How do you translate this phrase in Russian?

My try - переехать с другого ряда в другой.


----------



## Vadim K

Перестроиться в другой ряд
Сменить полосу движения


----------



## Maroseika

Vadim K said:


> Перестроиться в другой ряд
> Сменить полосу движения


I'm afraid полоcа is wrong word here. Полоса is intended for driving in one direction or (a middle lane of 3-lane road) for overtaking in two directions. So сменить полосу means to get into the oncoming traffic lane or the overtaking lane.
Перестроиться seems to be the best word.


----------



## vendoubt

"перестроиться в другой ряд" is fine. "Сменить полосу" is more of a calque, I feel.


----------



## Vadim K

Maroseika said:


> I'm afraid полоcа is wrong word here. Полоса is intended for driving in one direction or (a middle lane of 3-lane road) for overtaking in two directions. So сменить полосу means to get into the oncoming traffic lane or the overtaking lane.
> Перестроиться seems to be the best word.



К сожалению, Вы ошибаетесь. По российским ПДД:

*"Полоса движения"* - *любая* из продольных полос проезжей части, обозначенная или не обозначенная разметкой и имеющая ширину, достаточную для движения автомобилей *в один ряд*.

Полосы, по которым автомобили движутся в одну сторону, называются *полосами попутного направления*. Полосы, по которым автомобили едут навстречу, называются *полосами встречного направления*. Полос попутного направления на проезжей части в городе и на автомагистралях может быть две, три, четыре и т.д.
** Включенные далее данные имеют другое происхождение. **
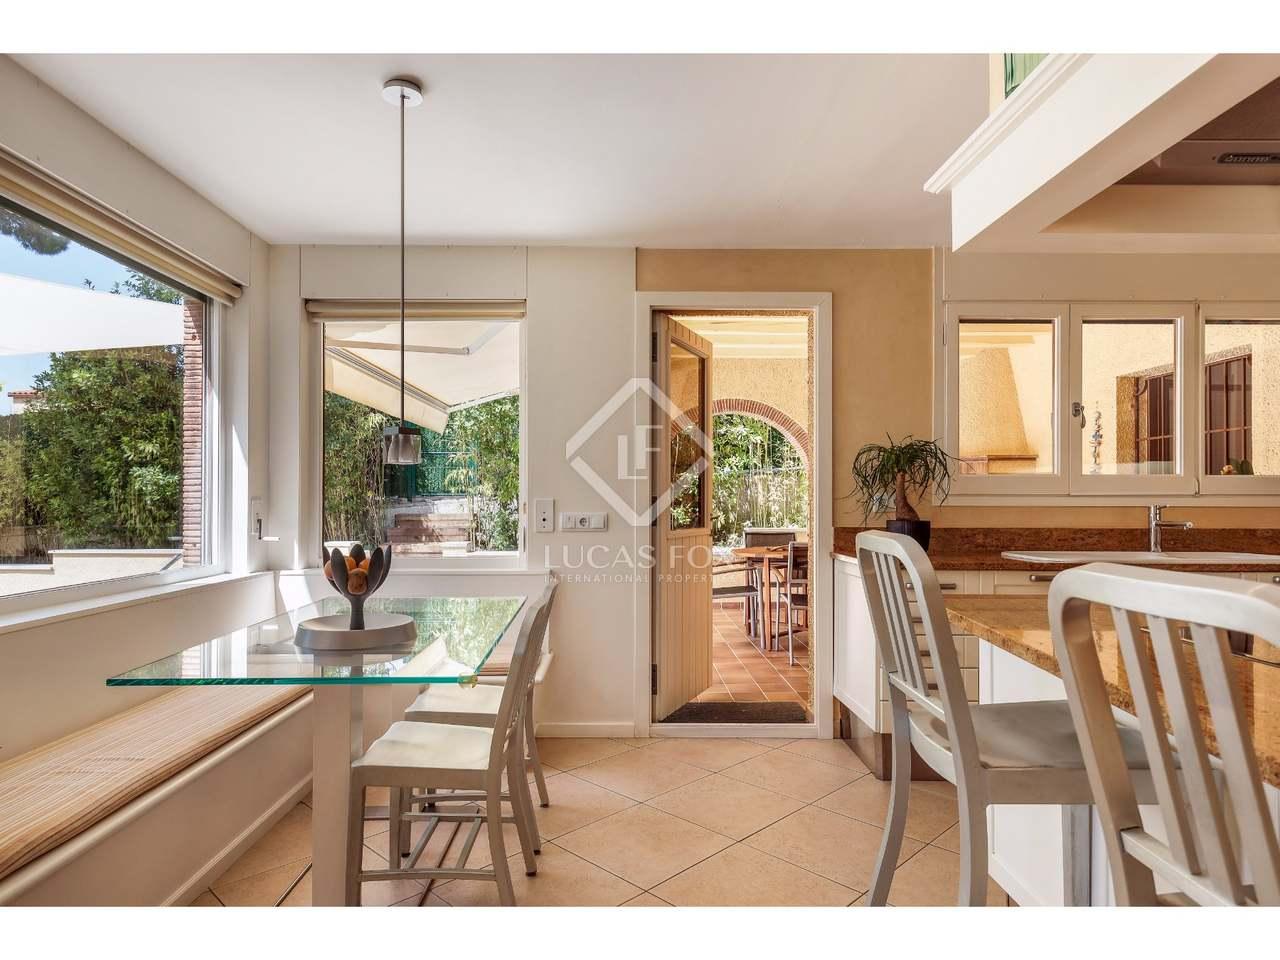 Casa de 240m en venta en sant feliu de gu xols - Casas en sant feliu de guixols ...
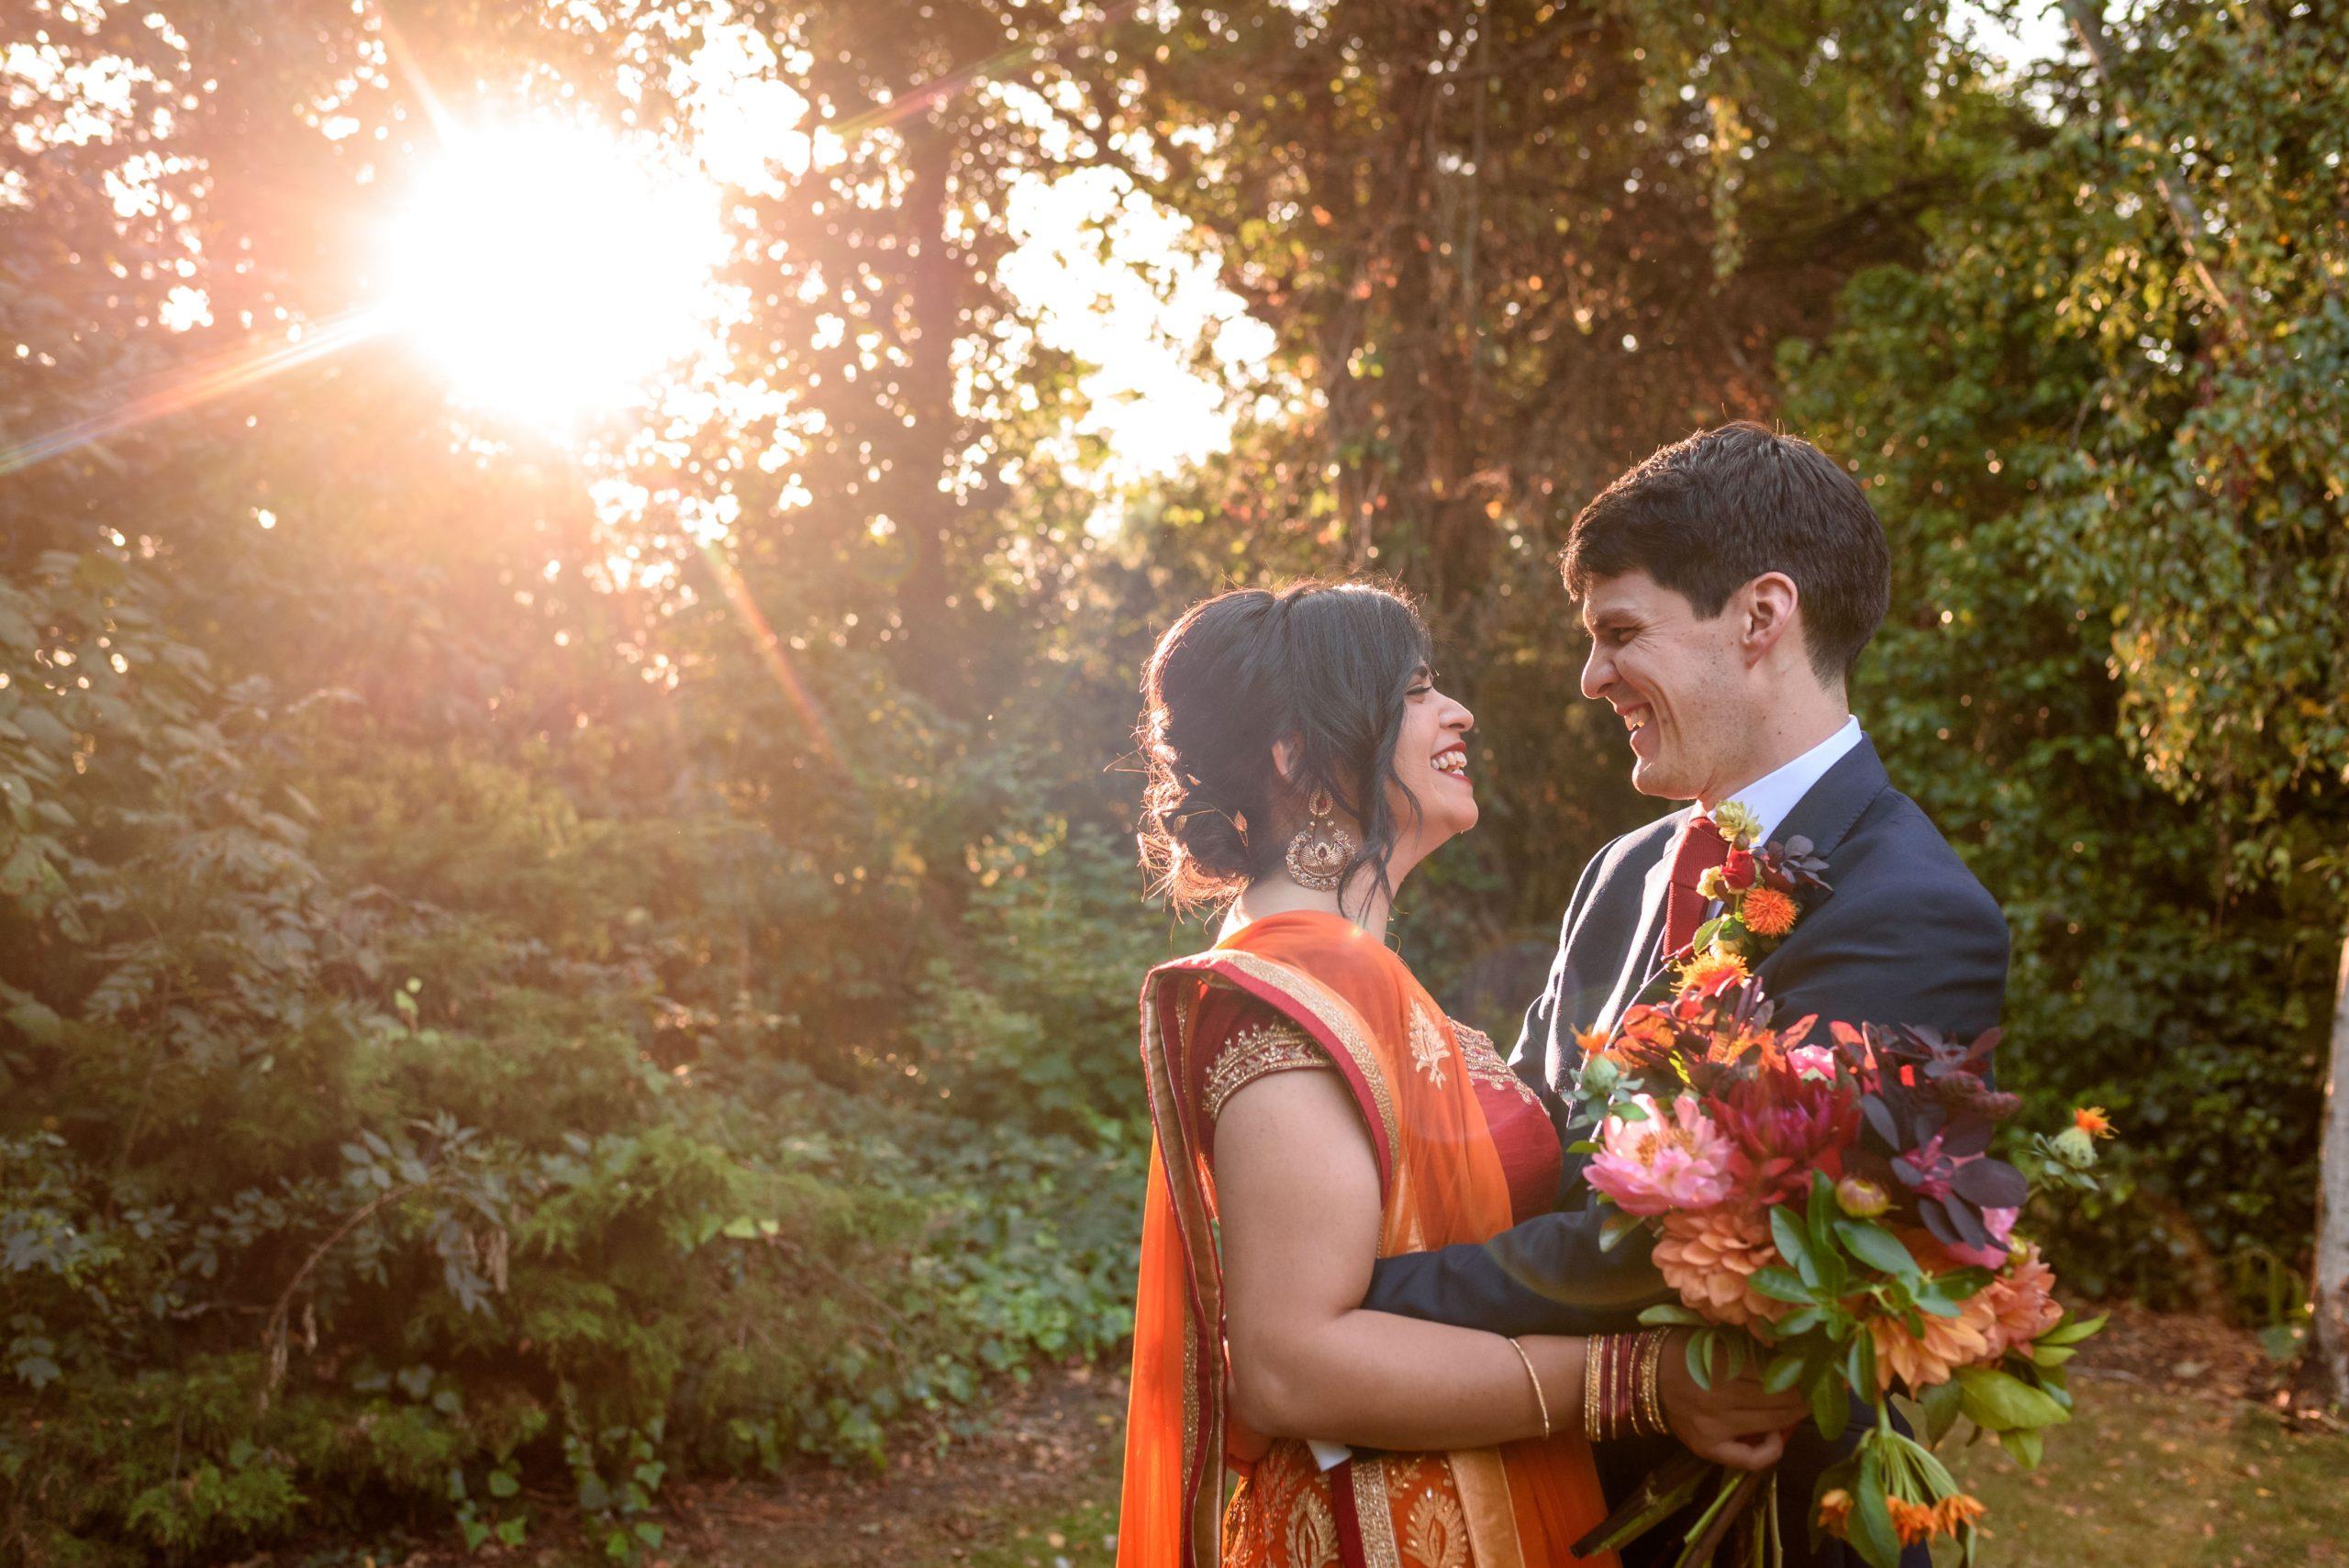 wedding couple taking photos in Peckham Rye Park

Поэтому водитель может менять полосы попутного направления, не совершая при этом обгона и не выезжая на полосу встречного направления.

Ниже приведены несколько ссылок, где Вы можете увидеть, что люди имеют ввиду, говоря о смене полосы движения.

http://avtonauka.ru/doroga/smena-polosy-vot-kak-byvaet.html

http://1pdd.ru/526/


----------



## Vadim K

vendoubt said:


> "перестроиться в другой ряд" is fine. "Сменить полосу" is more of a calque, I feel.



В российских правилах дорожного движения нет такого понятия, как "ряд". Есть только понятие "полоса движения". Поэтому если выбирать из двух вышеприведенных выражений, какая из них больше калька, то скорее надо будет выбрать первое, как не соответствующее определениям российских официальных документов. 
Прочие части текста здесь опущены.